Les séances avaient duré deux semaines. Elle posait dans son appartement, près de la fenêtre, dans cette robe blanche qu’elle avait portée pour Isolde. Il peignait en silence, concentré, ne lui parlant que pour lui demander de bouger le menton ou de tourner légèrement la tête.
Elle n’avait jamais vu le tableau fini. Edelfelt était mort l’année suivante, subitement, et le portrait avait disparu. Elle l’avait oublié.
Et maintenant, il est là. Au Kämp. Dans un couloir où personne ne passe.
Elle reste longtemps devant le portrait.
Cette femme, cette Alma Löfgren de 1908, elle ne la connaît pas. Oh, elle se souvient d’avoir été elle — les souvenirs sont là, intacts. Mais la femme du portrait, avec sa peau lisse et ses yeux brillants et sa jeunesse insolente, cette femme-là est morte depuis longtemps.
Ce qui reste, c’est elle. La vieille. La survivante. Celle qui a traversé les guerres et les exils et les deuils, et qui est encore debout, par miracle ou par obstination.
Elle lève la main.
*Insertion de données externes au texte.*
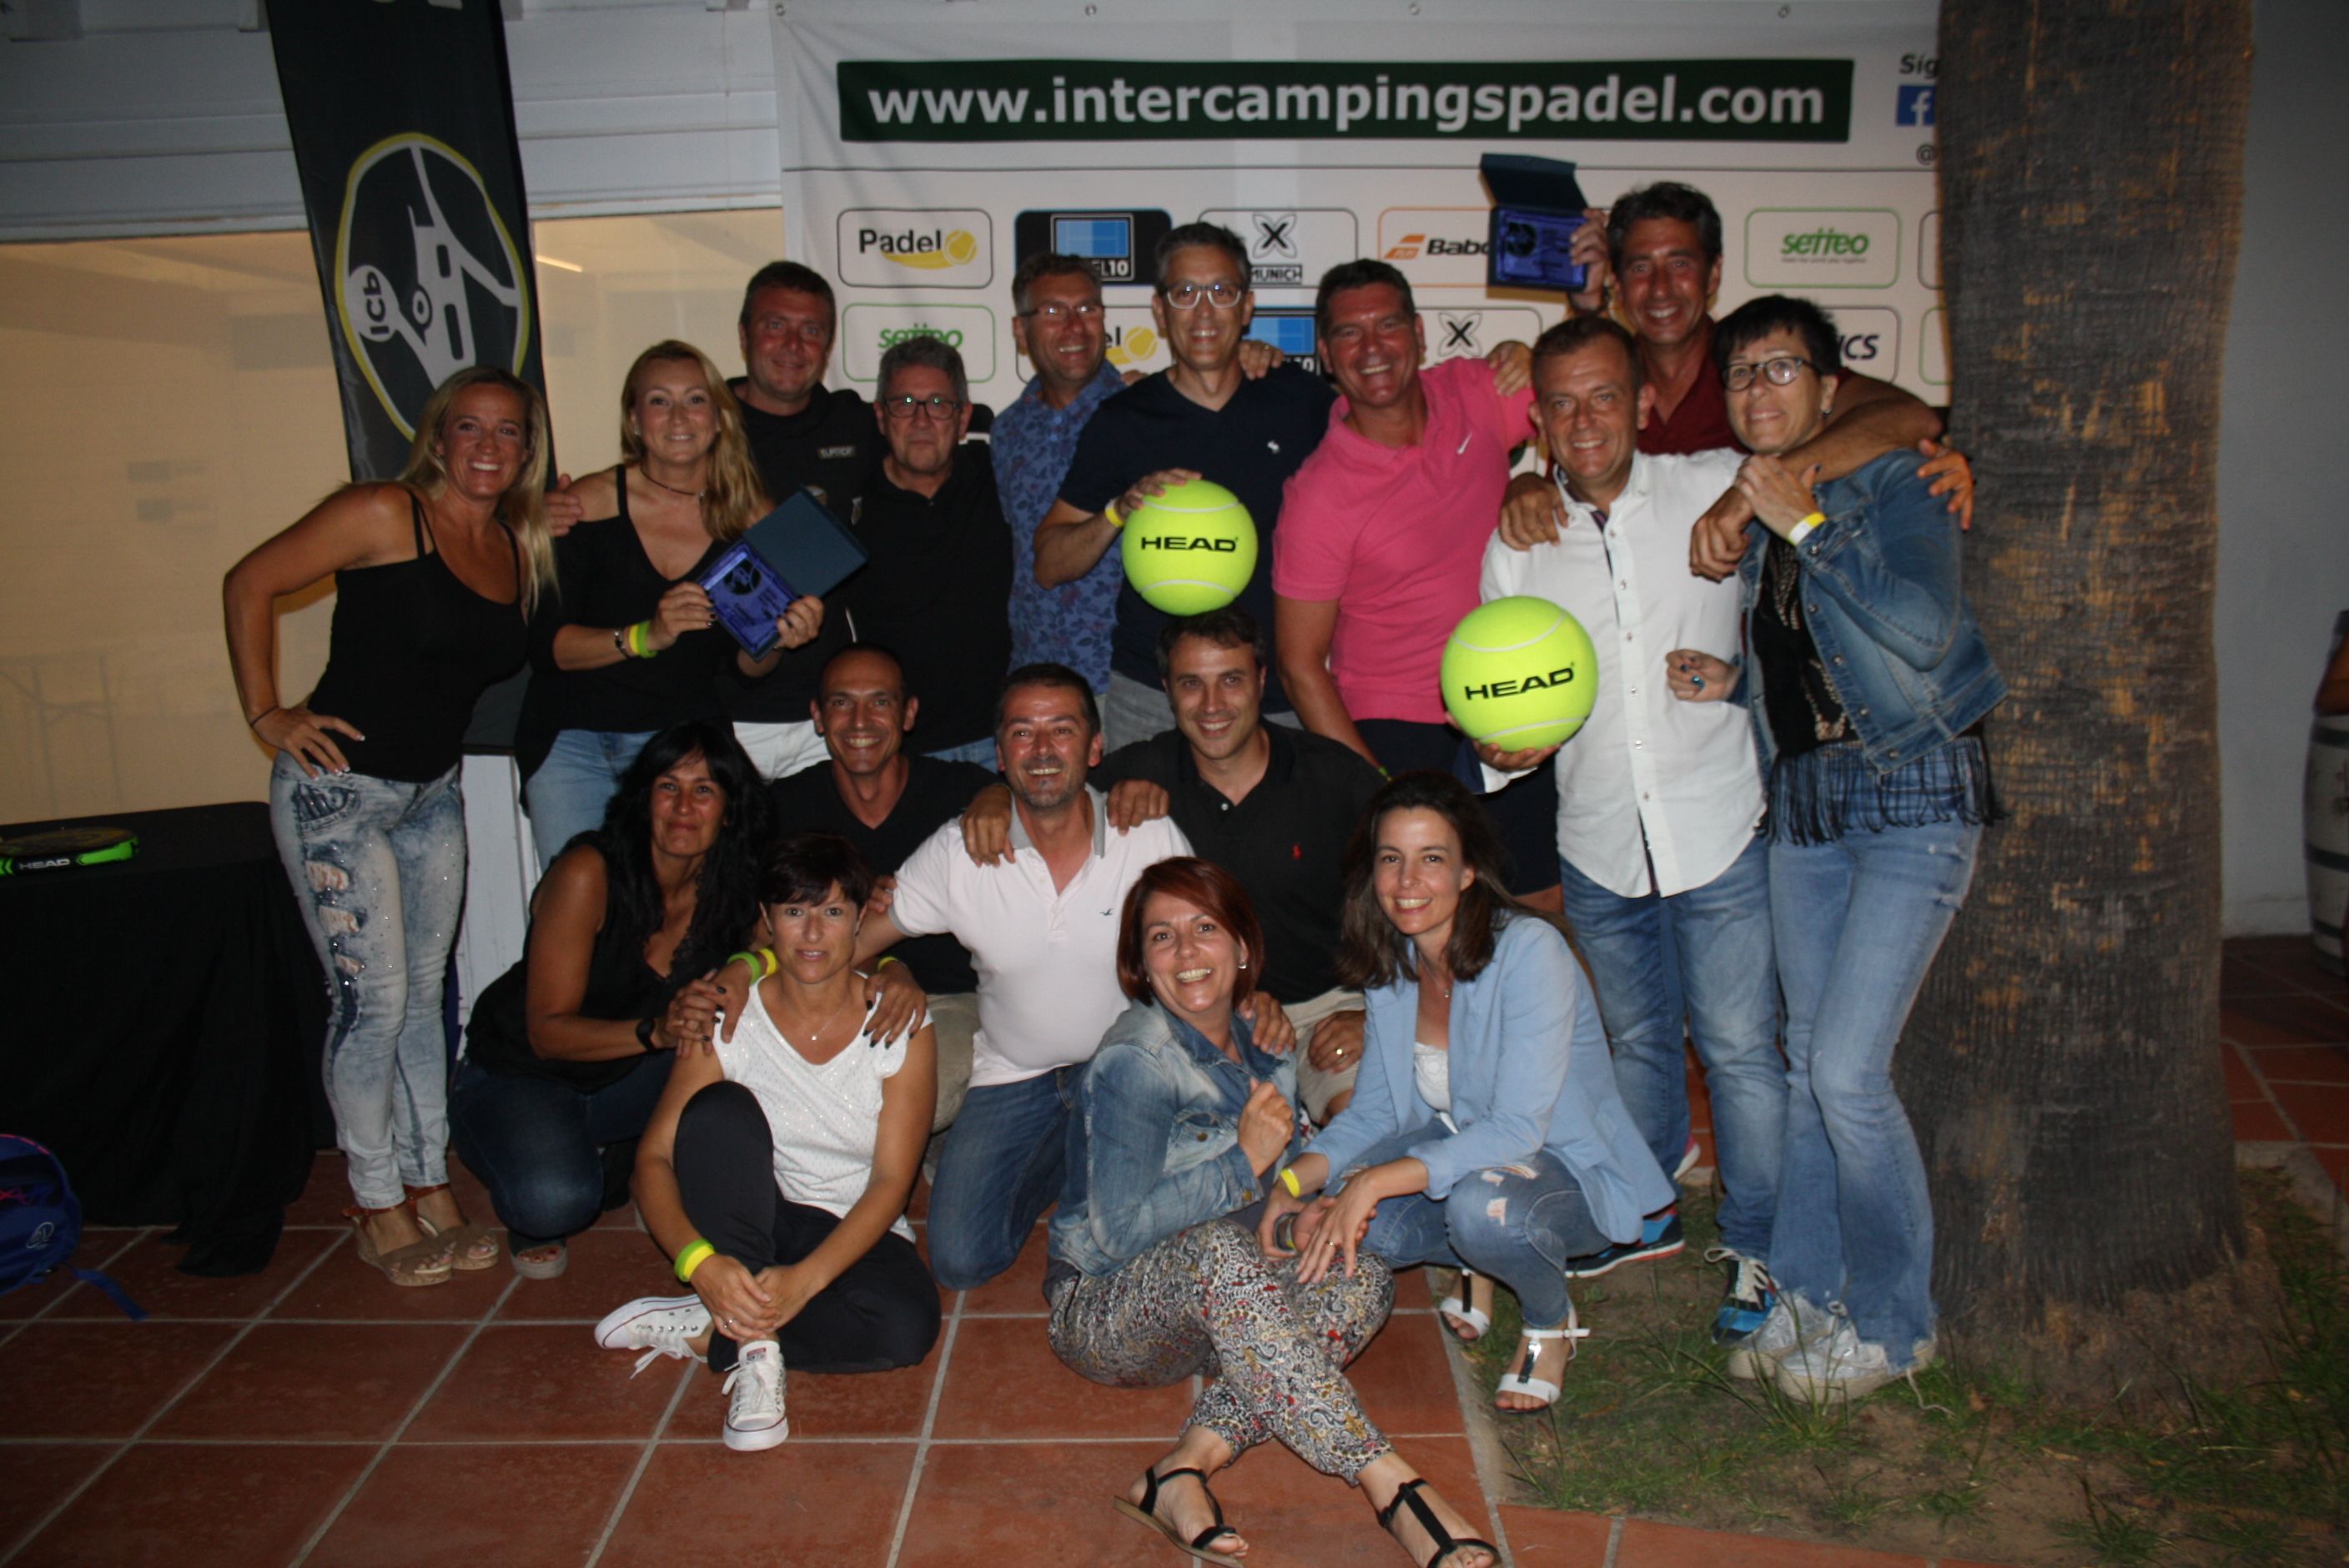 Teams Tamarit Champions of Inter Campings Padel by Head.

Elle touche le cadre, du bout des doigts. Le bois est froid, lisse, ancien.
— Bonjour, dit-elle à voix basse. Bonjour, toi.
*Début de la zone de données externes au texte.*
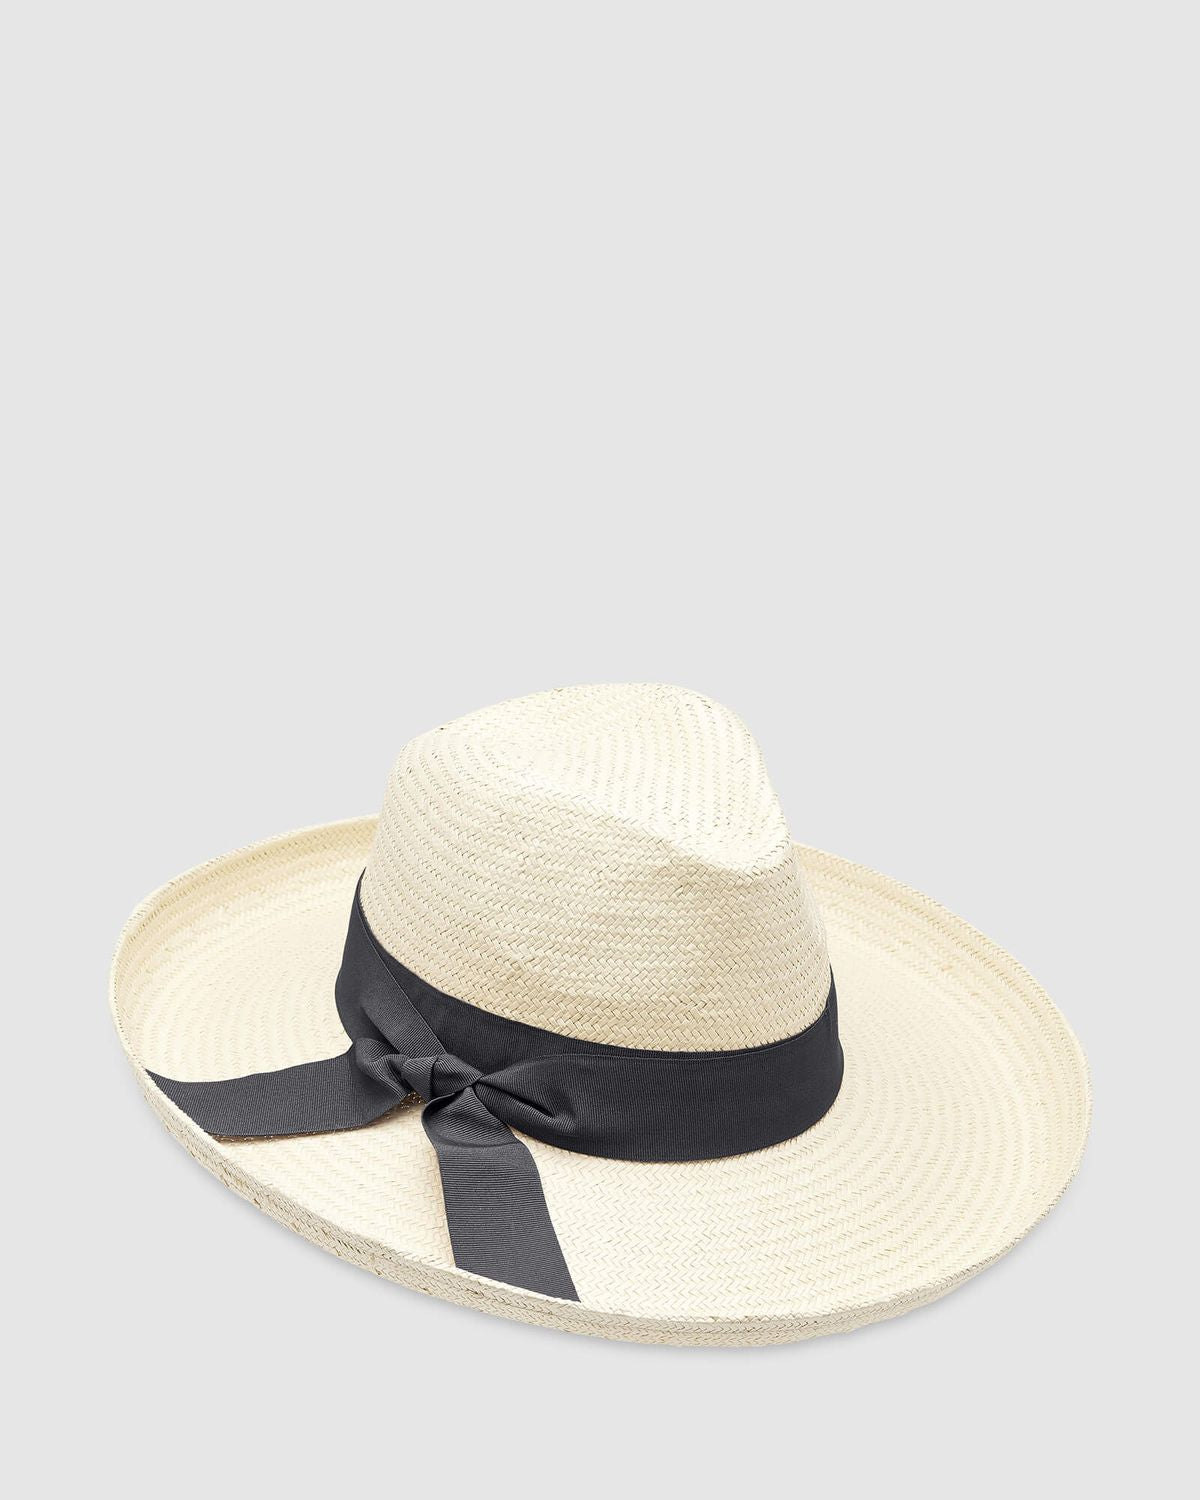 Casablanca Panama Hat - Ivory

Le portrait ne répond pas. Les portraits ne répondent jamais. Mais il y a quelque chose, dans les yeux peints de la jeune femme, quelque chose qui ressemble à un encouragement.
— Vous la connaissez ?
Elle sursaute. Un homme, derrière elle. Un employé de l’hôtel, en uniforme.
— Pardon ?
— La femme du portrait. Vous la connaissez ?
Elle hésite. Elle pourrait dire non. Elle pourrait passer son chemin, oublier, retourner dans sa chambre.
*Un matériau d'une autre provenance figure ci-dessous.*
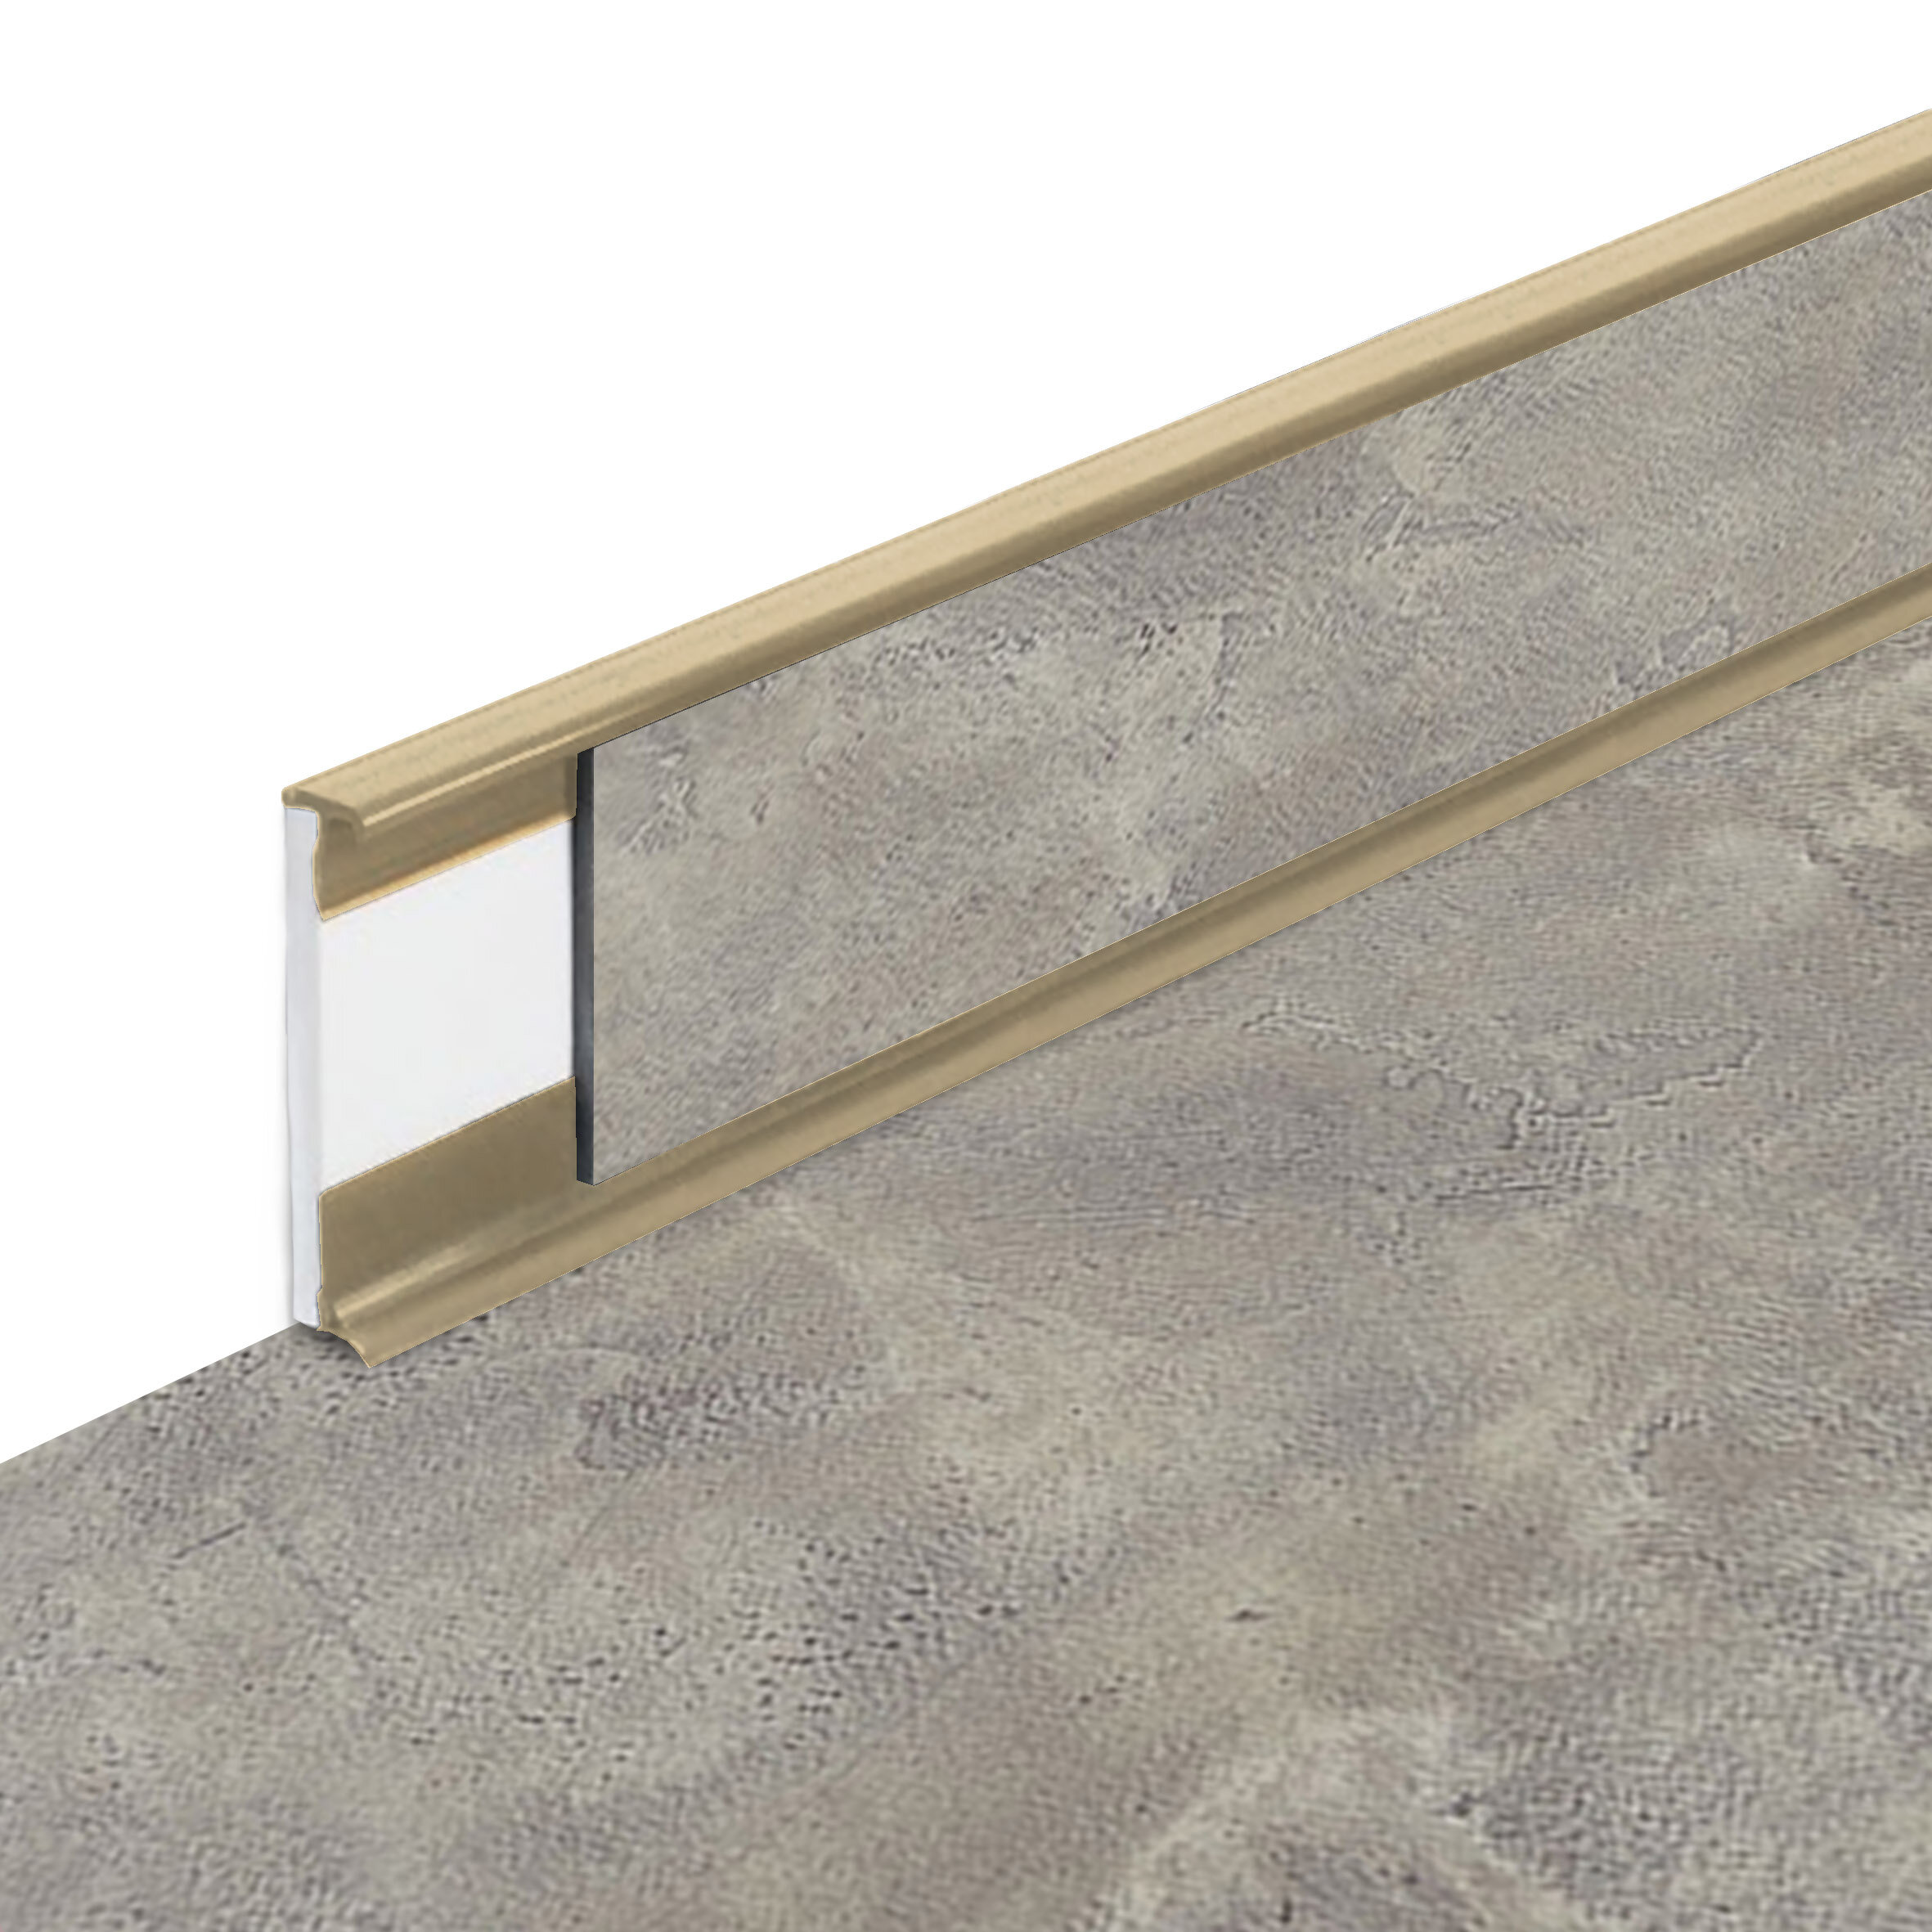 PVC vinylová soklová podlahová lišta Fortelock Business Forsen grey clay C022 beige - délka 200 cm, výška 5,8 cm, tloušťka 1,2 cm

— C’était moi, dit-elle finalement. Il y a longtemps.
L’homme la regarde. Il regarde le portrait, puis elle, puis le portrait encore. Il ne comprend pas. Il ne peut pas comprendre. Quarante-sept ans séparent ces deux femmes, celle du tableau et celle qui est debout devant lui.
— Vraiment ?
— Vraiment.
Elle sourit. Un sourire triste, ou ironique, ou les deux.
— C’était une autre vie. Une autre personne.
L’homme hoche la tête, mal à l’aise. Il ne sait pas quoi dire. Que dit-on à une vieille femme qui regarde son propre portrait de jeunesse ?
— C’est un beau tableau, finit-il par dire.
— Oui. Edelfelt était un grand peintre.
— Vous étiez… vous étiez belle.
— Je sais.
Elle ne dit pas « merci ». Ce n’est pas un compliment, c’est un constat. Elle était belle. Elle ne l’est plus. C’est ainsi.
Ce soir-là, dans sa chambre, elle pense au portrait. Et à Sibelius. Et à ce qu’il lui a dit.
« Finlandia. J’aurais voulu la rejouer. Une dernière fois. Mais je n’ai jamais osé. »
Et si elle osait, elle ? Si elle faisait ce qu’il n’a pas pu faire ?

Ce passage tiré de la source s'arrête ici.